** Opening Data shown block **
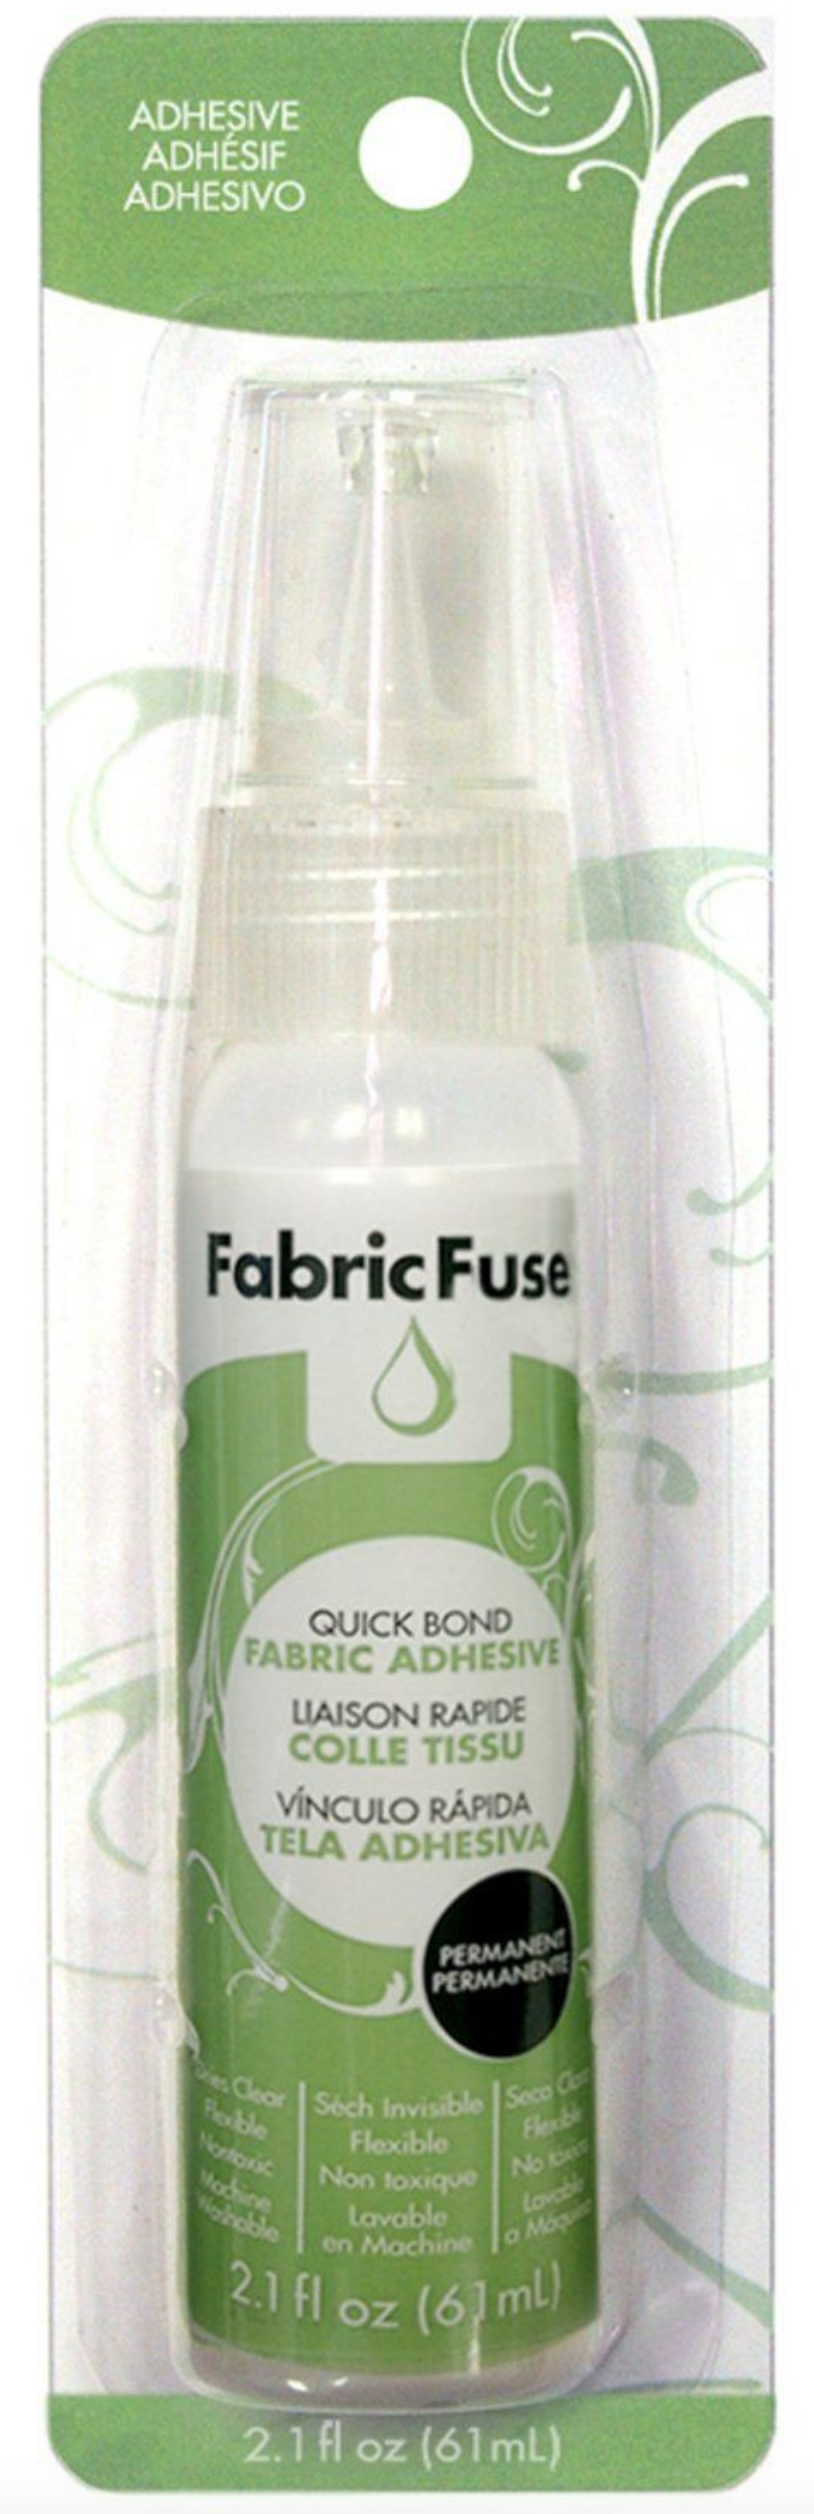 Fabric Fuse Liquid Adhesive - 000943048312
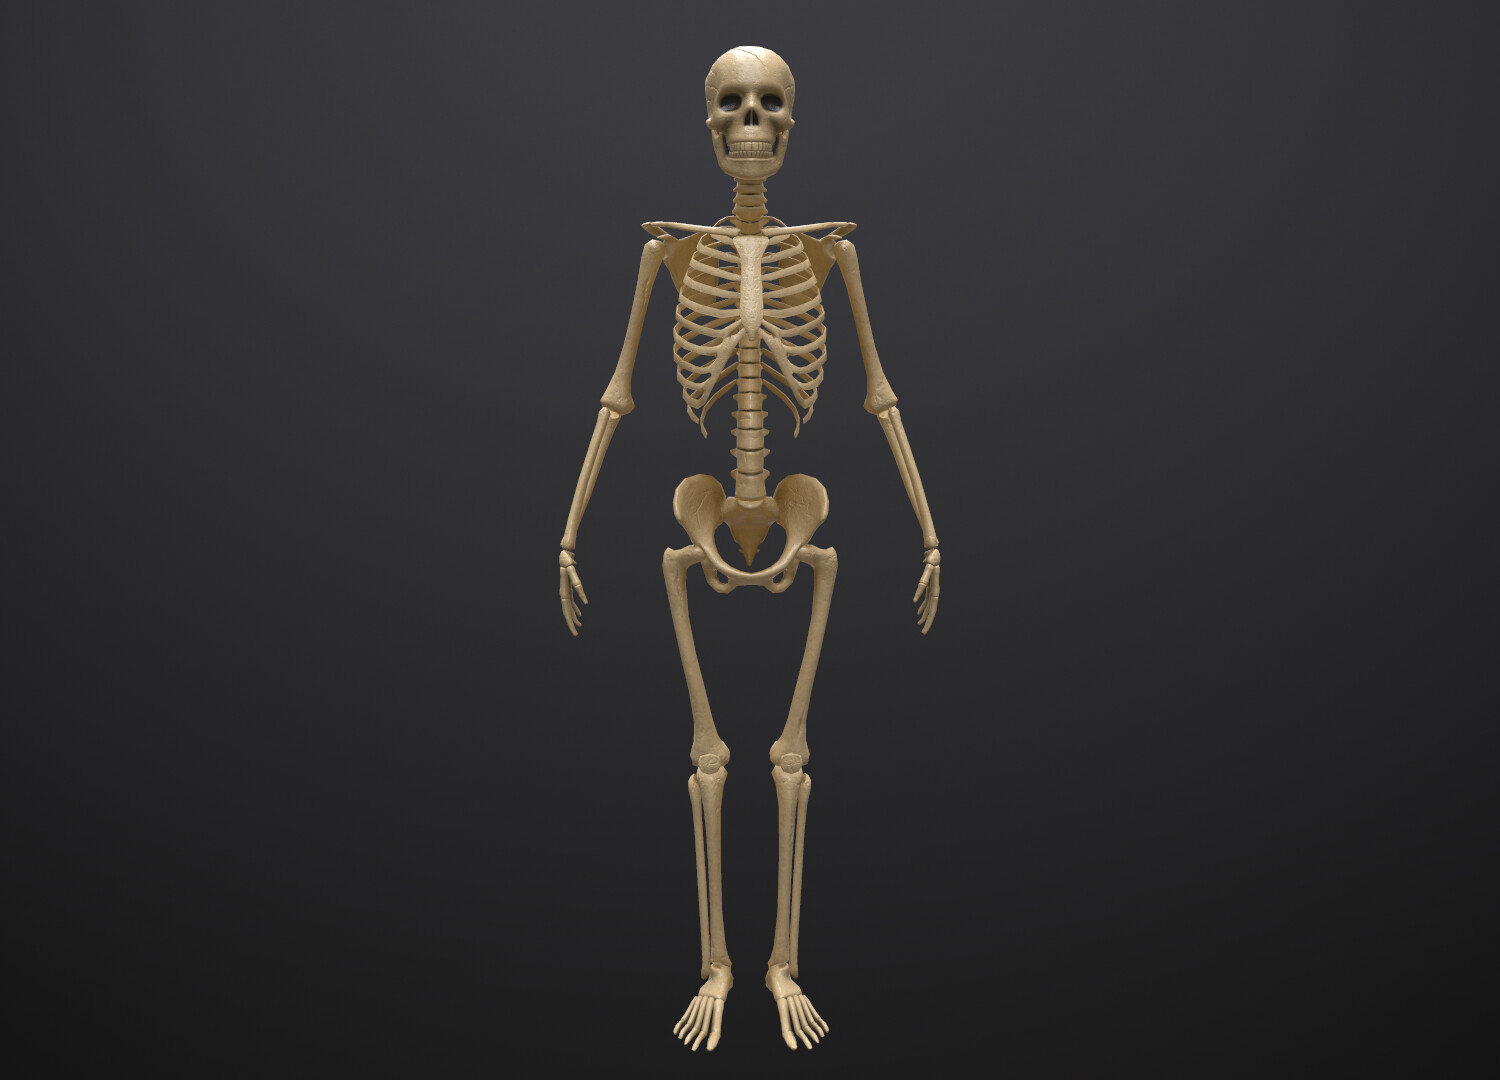 Ткань скелета человека. Скелет стоит прямо на черном фоне. Мерседес скелет.
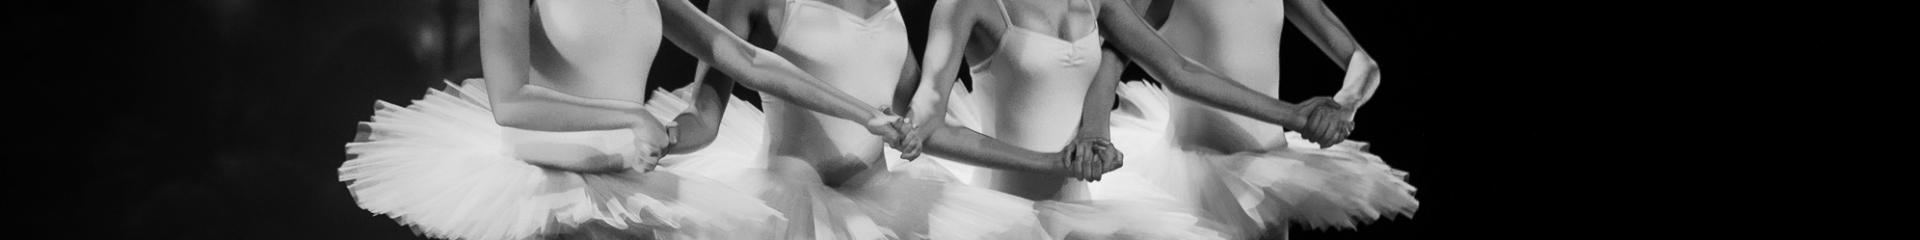 Fyra flickor i balettkjol håller händer.
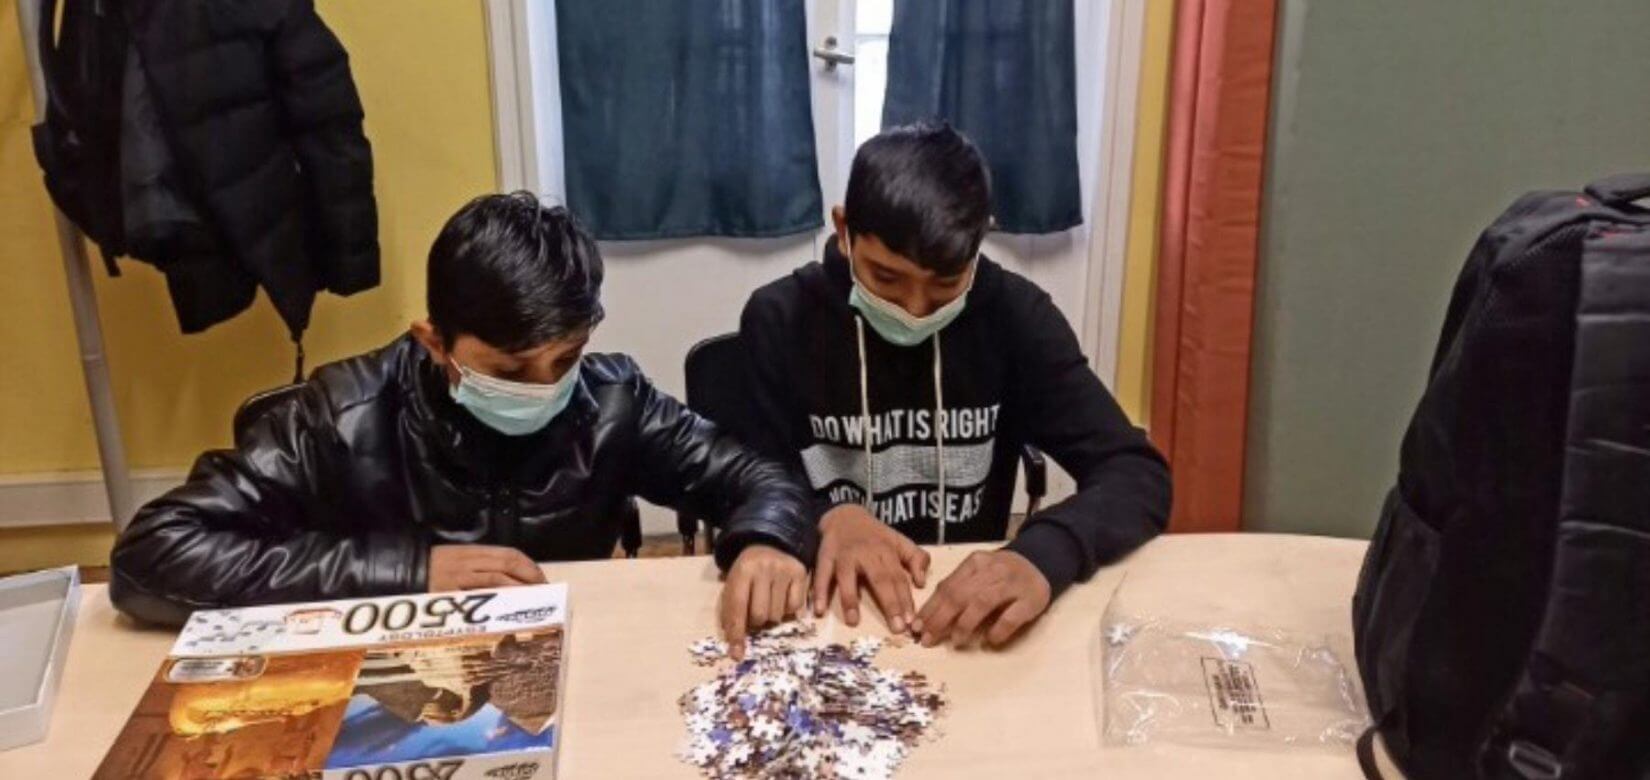 Στον δρόμο, υπό συνθήκες παγετού, εντοπίστηκαν δύο 13χρονα προσφυγόπουλα
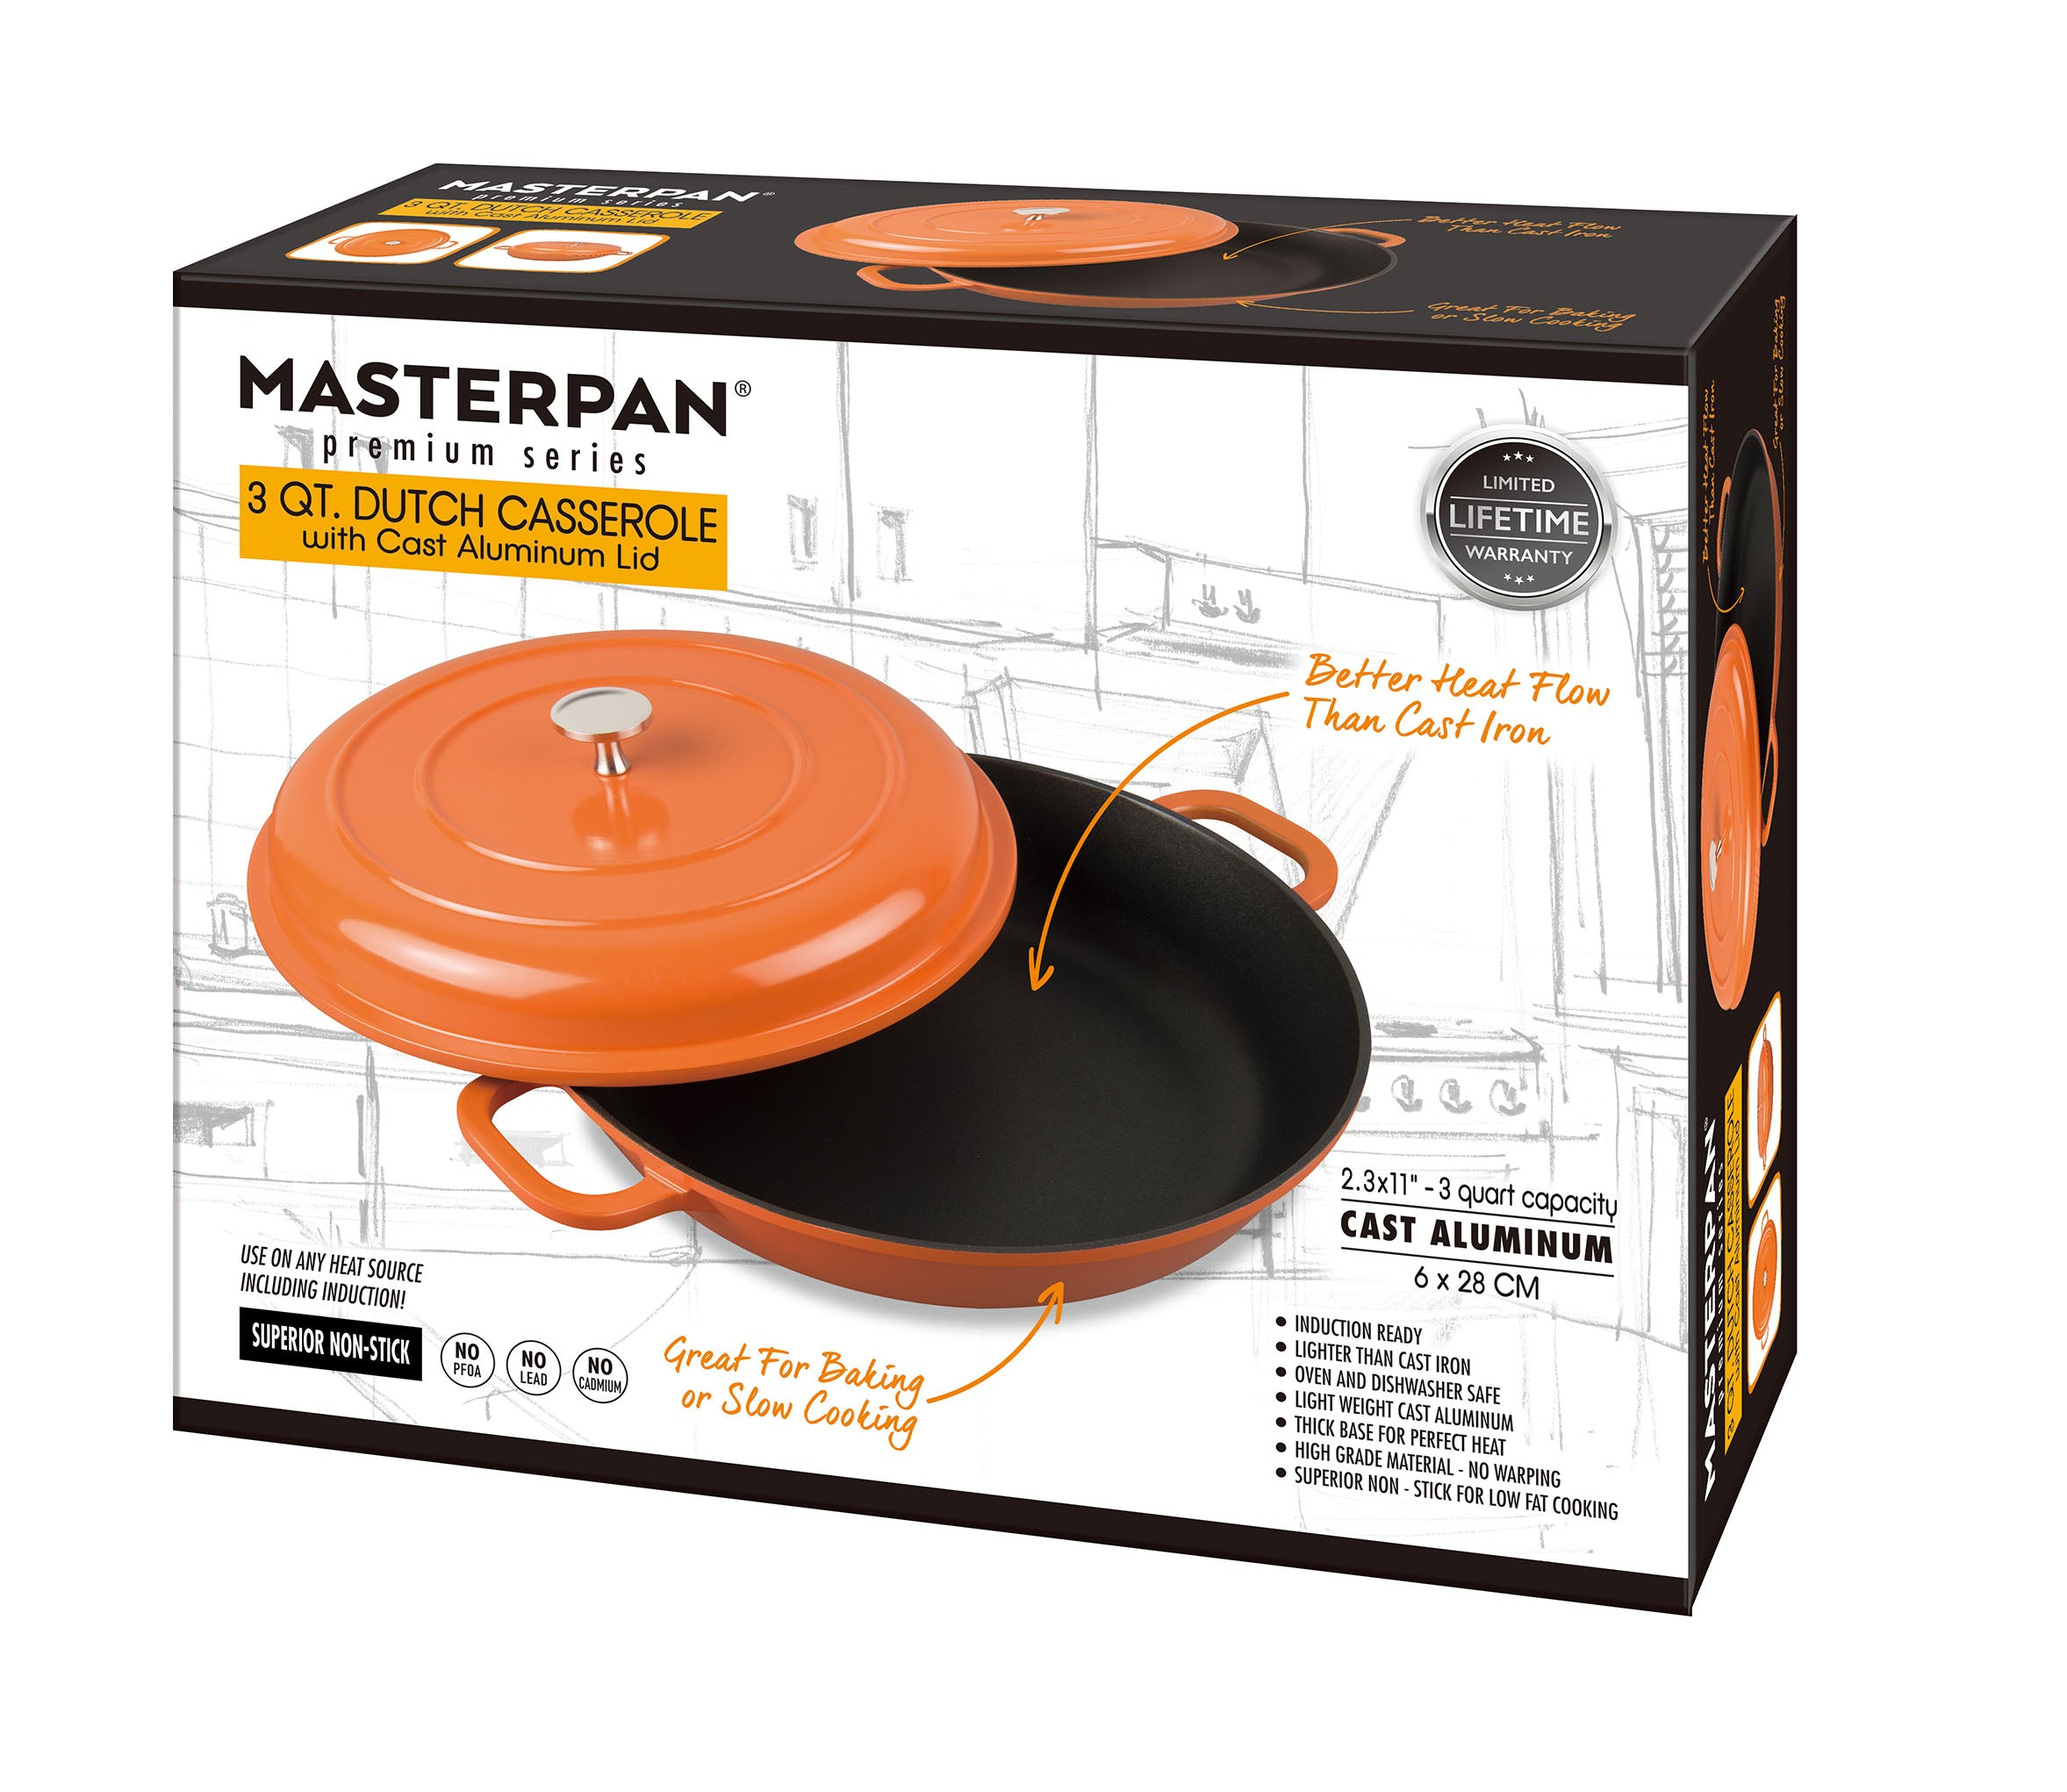 MasterPan 3 qt Non-Stick Cast Aluminum Dutch Casserole 11 in Orange
** Closing Data shown block **
**Exercise goal:** Leaving the pictures aside, transcribe only the lines from the one containing "Fyra flickor i balettkjol håller händer." to the final line of the listing above, inclusive, exactly as they appear.

**Result:**
 Fyra flickor i balettkjol håller händer.
 Στον δρόμο, υπό συνθήκες παγετού, εντοπίστηκαν δύο 13χρονα προσφυγόπουλα
 MasterPan 3 qt Non-Stick Cast Aluminum Dutch Casserole 11 in Orange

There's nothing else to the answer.